Microsoft’s Digital Crimes Unit (DCU) successfully executed a court order last week to disrupt and transfer control of six internet domains created by a group widely associated with the Russian government and known as Strontium, APT28, or more colorfully, Fancy Bear. Said Microsoft president Brad Smith:
Foreign entities are launching cyber strikes to disrupt elections and sow discord. Unfortunately, the internet has become an avenue for some governments to steal and leak information, spread disinformation, and probe and potentially attempt to tamper with voting systems. We saw this during the United States general election in 2016, last May during the French presidential election, and now in a broadening way as Americans are preparing for the November midterm elections.

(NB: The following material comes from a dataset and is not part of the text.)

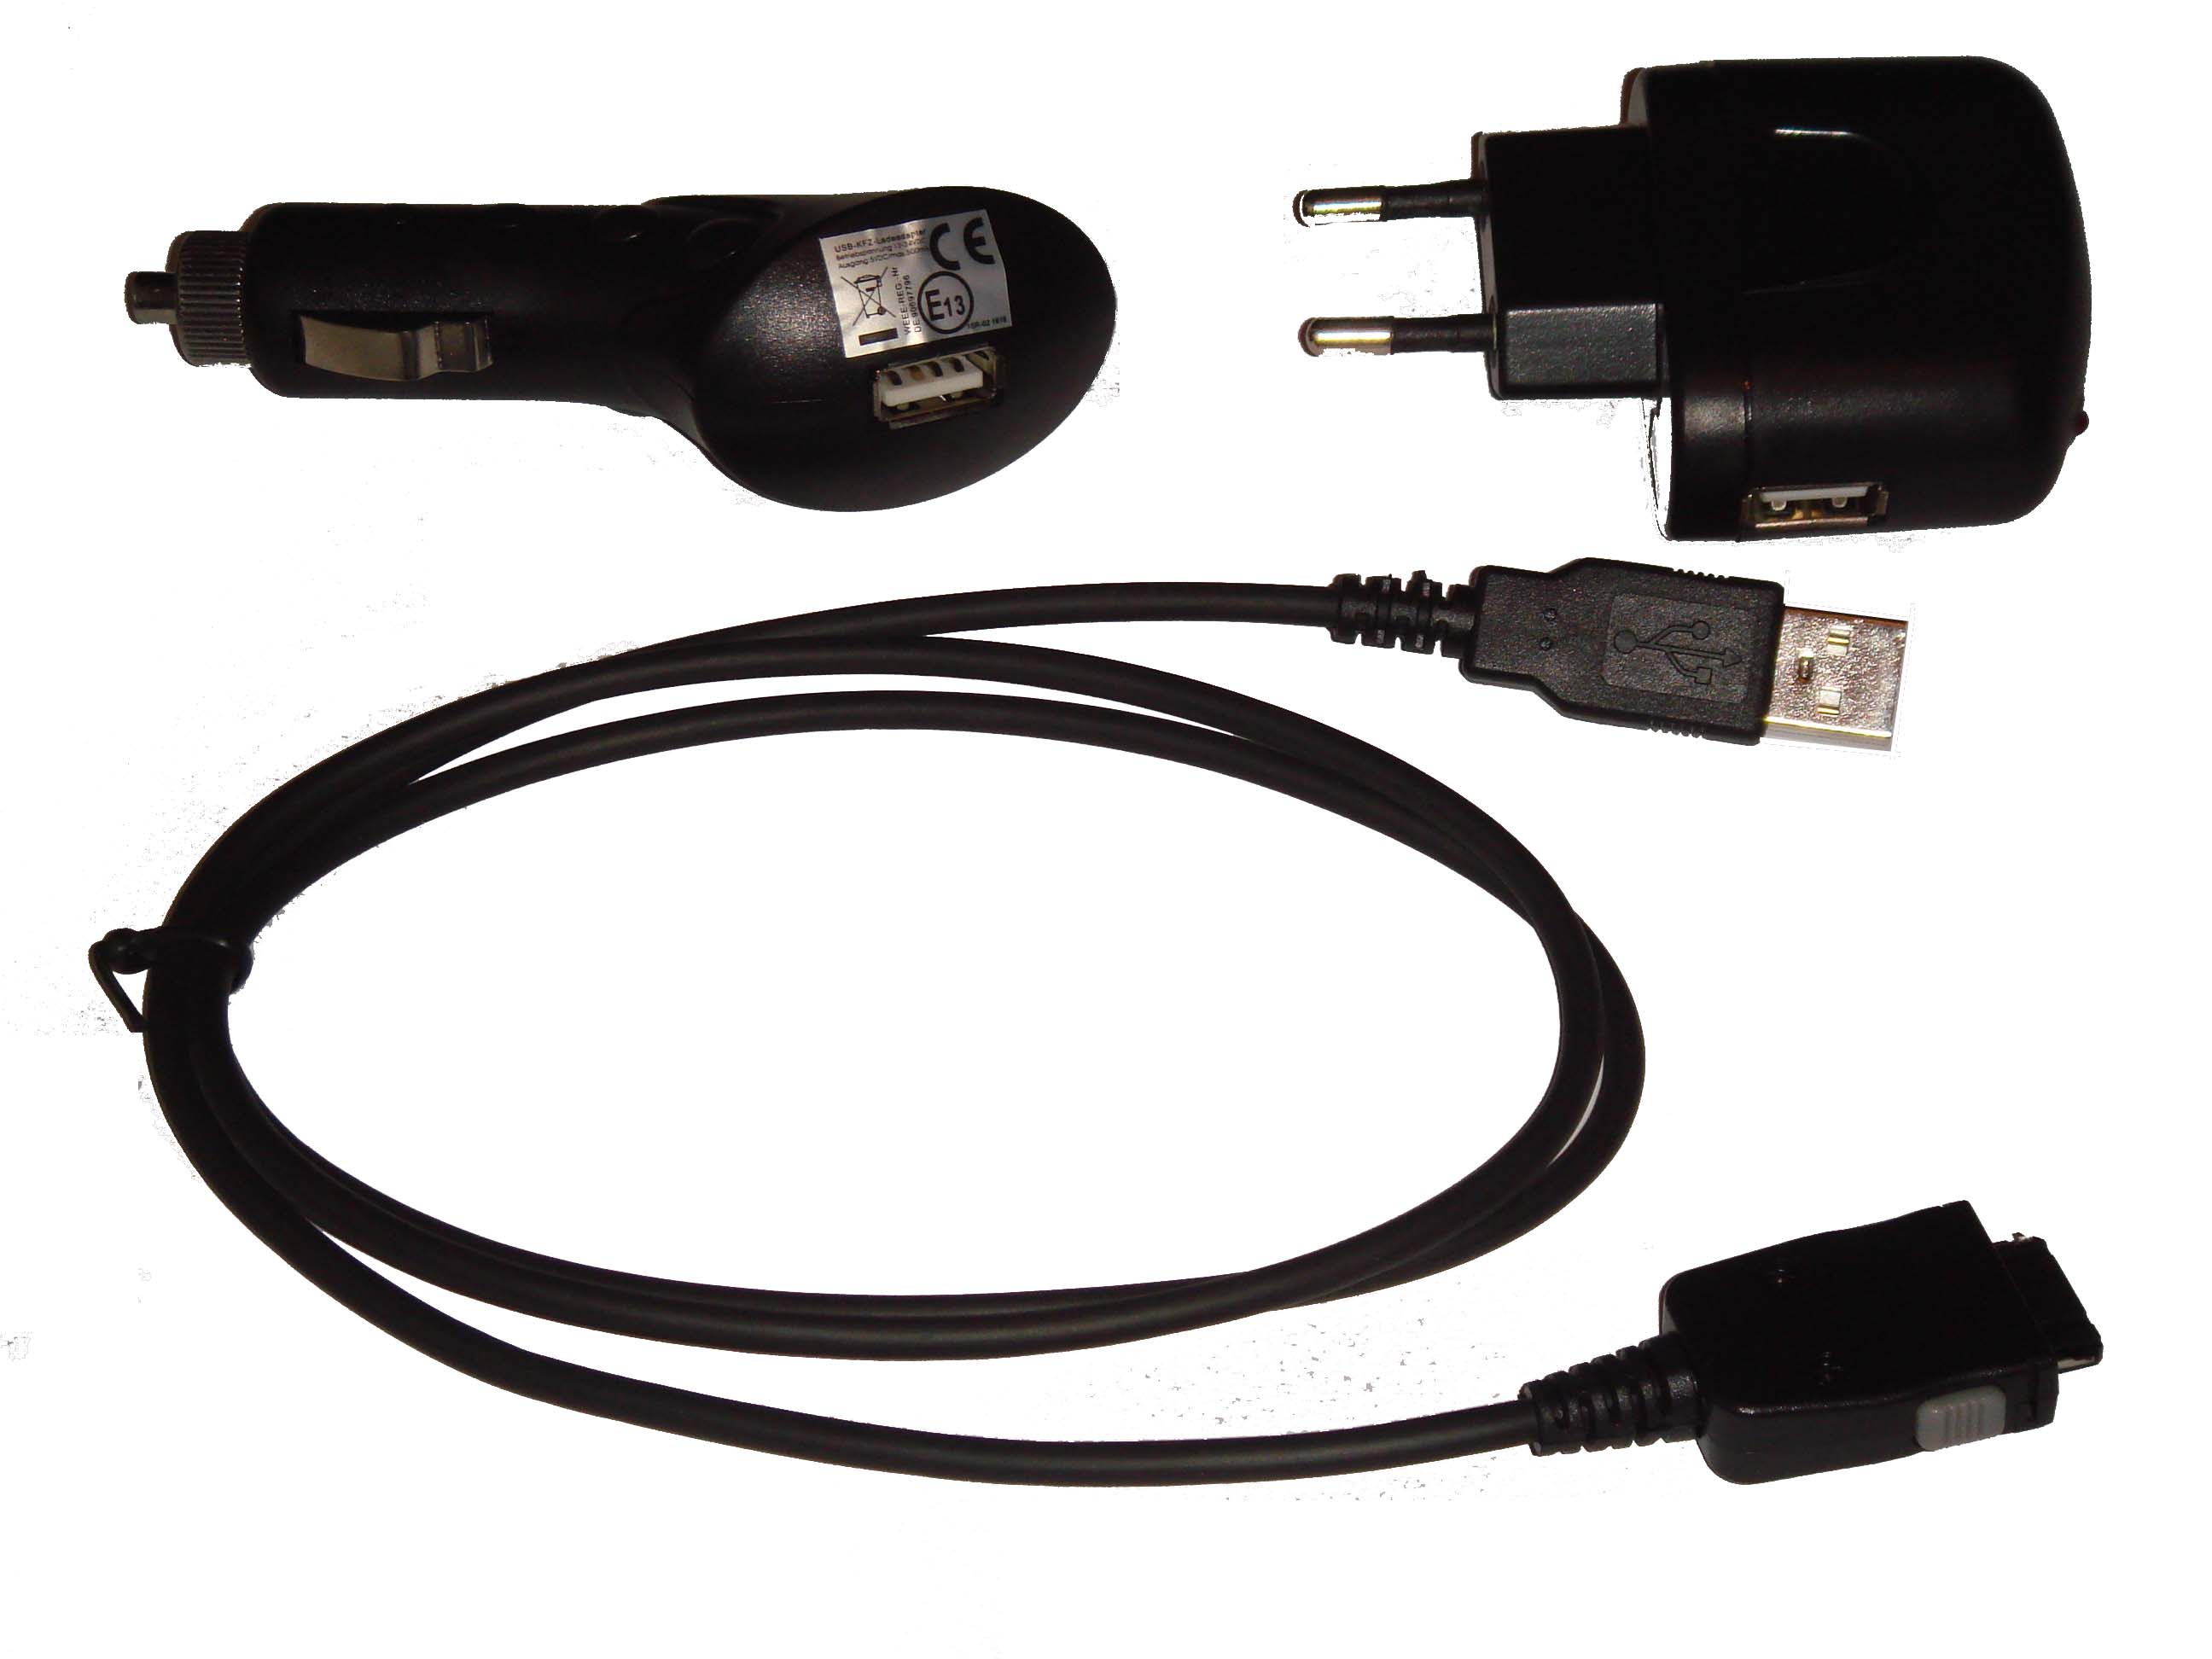 Lot d'accessoires compatible avec Yakumo Delta X navigation - Adaptateurs allume-cigare, secteur, câble USB

Microsoft says it has used this approach 12 times in past two years to shut down 84 fake websites associated with this notorious group but the company has also used the legal tactic to go after botnets, or malicious networks of automated accounts, since at least 2010. The cases were brought under trademark infringement laws.
Microsoft has been singularly aggressive in pursuing the bad guys through legal channels and has assembled a global force of more than 3,500 security professionals working to solve problems. Microsoft President Brad Smith has called cybersecurity the “new battlefield” and repeatedly called for a “new digital Geneva Convention” to help tech companies and governments come together to protect people from cyber attacks.

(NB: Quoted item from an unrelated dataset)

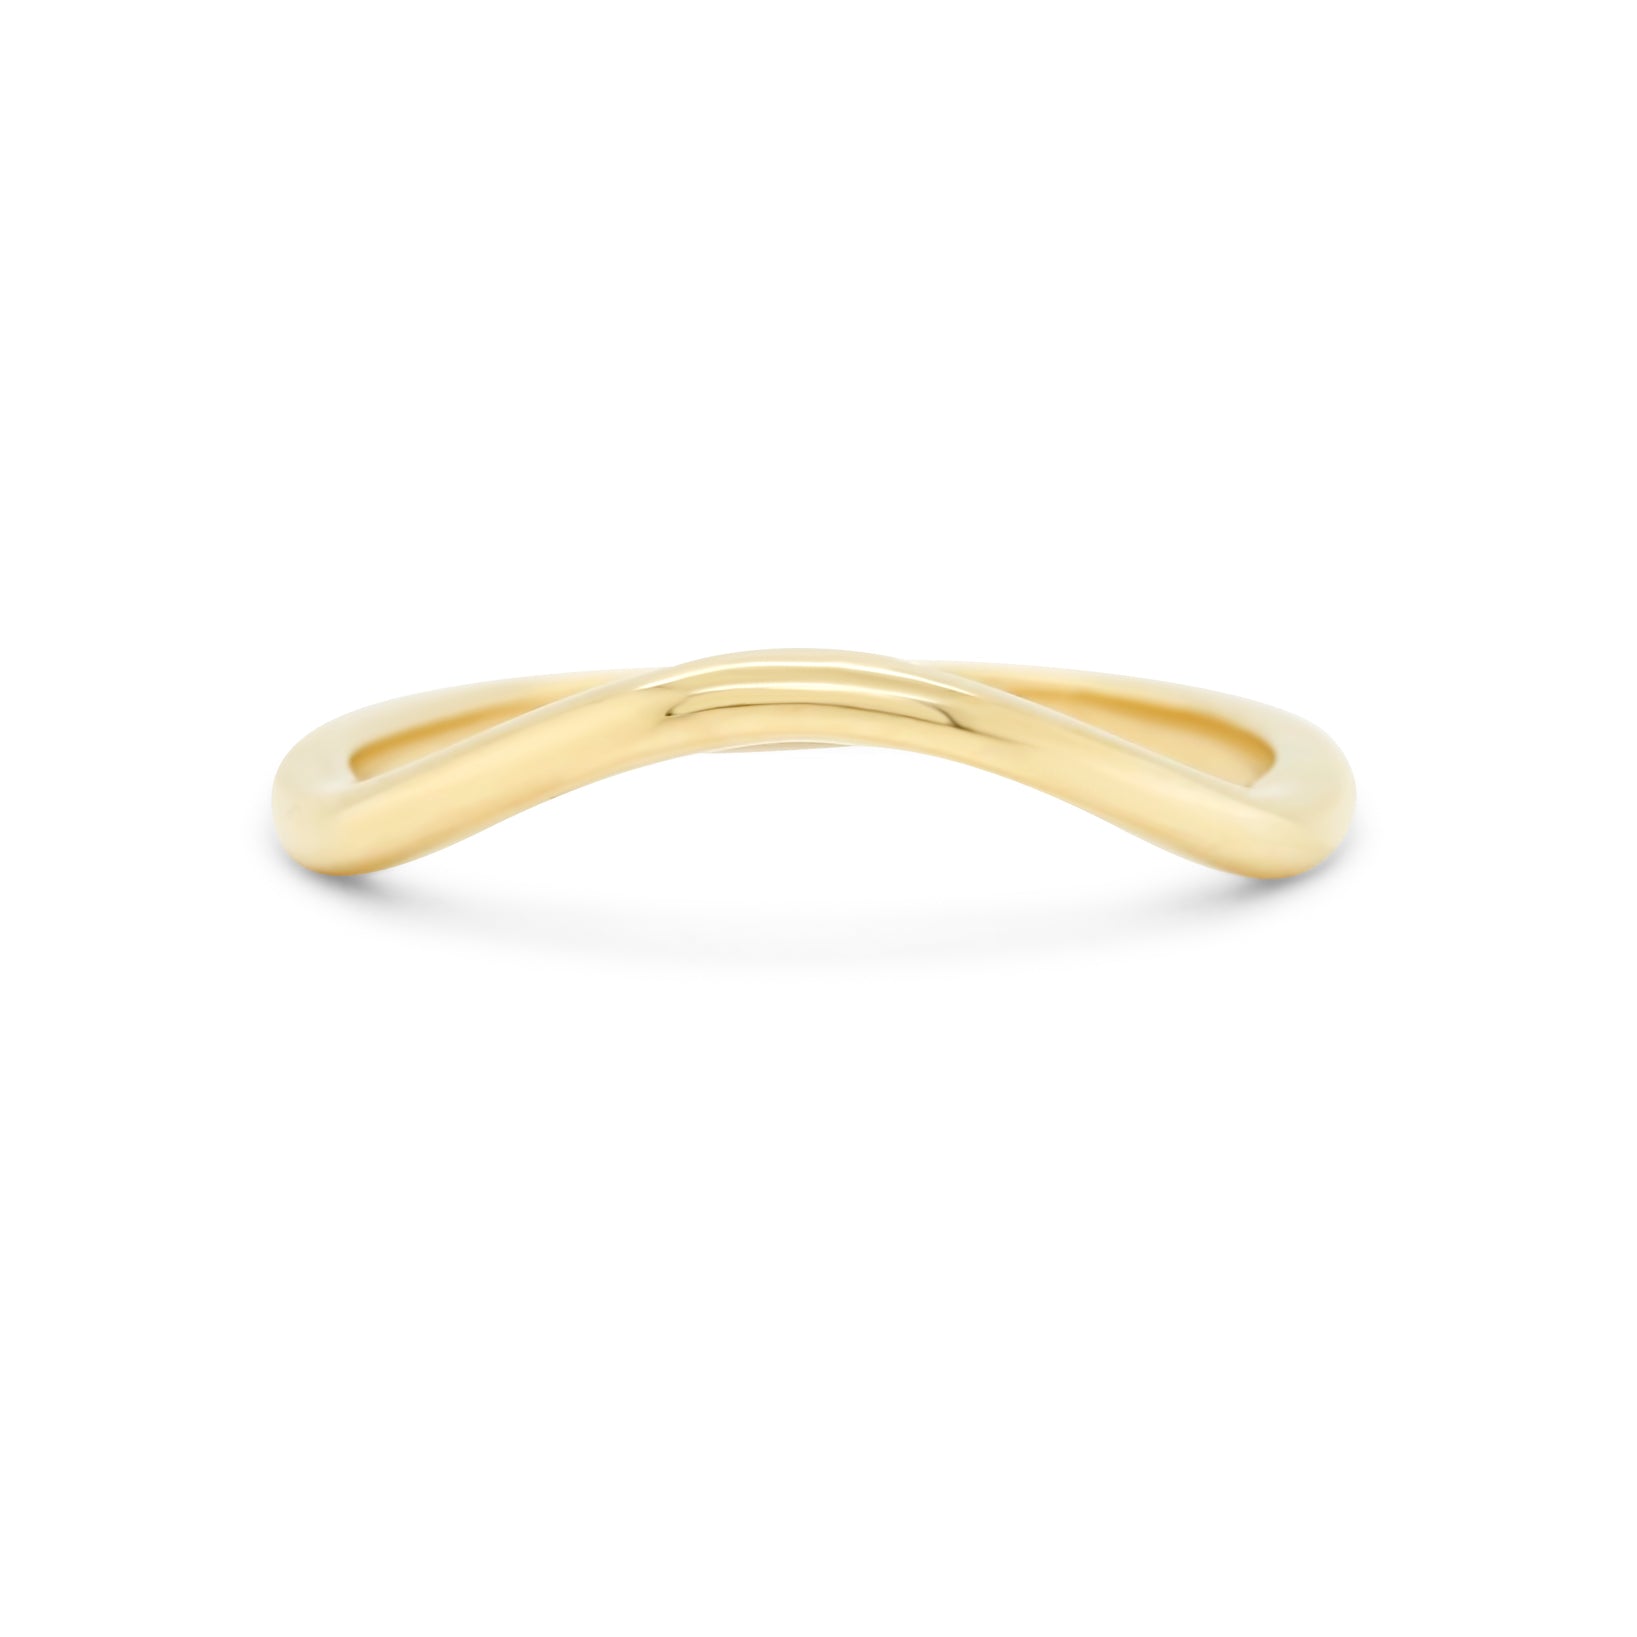 14k gold plain slight contour ring band

The transfer of control of the six domains enabled Microsoft to examine what Strontium intended to do with the domains. They discovered that the sites were meant to mimic prominent Republican organizations such as the Hudson Institute, a conservative Washington think tank active in investigations of corruption in Russia, and the International Republican Institute, a nonprofit group that promotes democracy worldwide. Three other fake sites were built to appear as though they were affiliated with the Senate, and one nonpolitical site spoofed Microsoft’s own online products. Said Smith:
Despite last week’s steps, we are concerned by the continued activity targeting these and other sites and directed toward elected officials, politicians, political groups and think tanks across the political spectrum in the United States. Taken together, this pattern mirrors the type of activity we saw prior to the 2016 election in the United States and the 2017 election in France.
To help political organizations defend themselves against cyber attacks, Microsoft has expanded its billion dollar Defending Democracy Program to offer a new service called Microsoft AccountGuard, which is now available to:
…all current candidates for federal, state and local office in the United States and their campaigns; the campaign organizations of all sitting members of Congress; national and state party committees; technology vendors who primarily serve campaigns and committees; and certain nonprofit organizations and nongovernmental organizations. Microsoft AccountGuard is offered free of charge. Organizations must be using Office 365 to register.
AccountGuard has three core offerings.
Unified threat detection and notification across accounts
Notification about cyber threats, including attacks by known nation-state actors, in a unified way across both email systems run by organizations and the personal accounts of these organizations’ leaders and staff who opt-in. Threat detection and notification will initially be available only for Microsoft services including Office 365, Outlook.com and Hotmail.
Security guidance and ongoing education
Best practice guidance and materials designed specifically for the unique problems faced by politically oriented organizations. This advice will come in two forms: off-the-shelf materials organizations can use as they grow and take on new staff, and in-depth live sessions.
Early adopter opportunities
Organizations registered for AccountGuard will receive access to private previews of security features typically offered to large corporate and government account customers. In addition to being among the first to deploy the latest technology, this aspect of Microsoft AccountGuard will enable the company to collect critical feedback and rapidly evolve security to address the specific needs of eligible organizations.
For complete details, read this blog post by Tom Burt, Microsoft Corporate Vice President, Customer Security & Trust.
Microsoft has a huge stake in keeping its customers secure so its leadership in cybersecurity is both commendable and necessary. It is no secret that Windows and a number of other Microsoft products have had their vulnerabilities exploited by hackers in the past. But, it’s equally clear that Microsoft cannot solve this problem alone. Smith said:
While cybersecurity starts with Microsoft and other companies in the tech sector, it’s ultimately a shared responsibility with customers and governments around the world. Together with our industry partners, we’ve launched the Cybersecurity Tech Accord, now endorsed by 44 leading tech companies to protect and empower civilians online and to improve the security, stability and resilience of cyberspace.
To be successful in defending elections and other democratic institutions, technology companies, government, civil society, the academic community and researchers need to come together and partner in new and meaningful ways. It would be enormously helpful if certain leaders of the free world had a better grasp of the benefits and dangers of a connected world.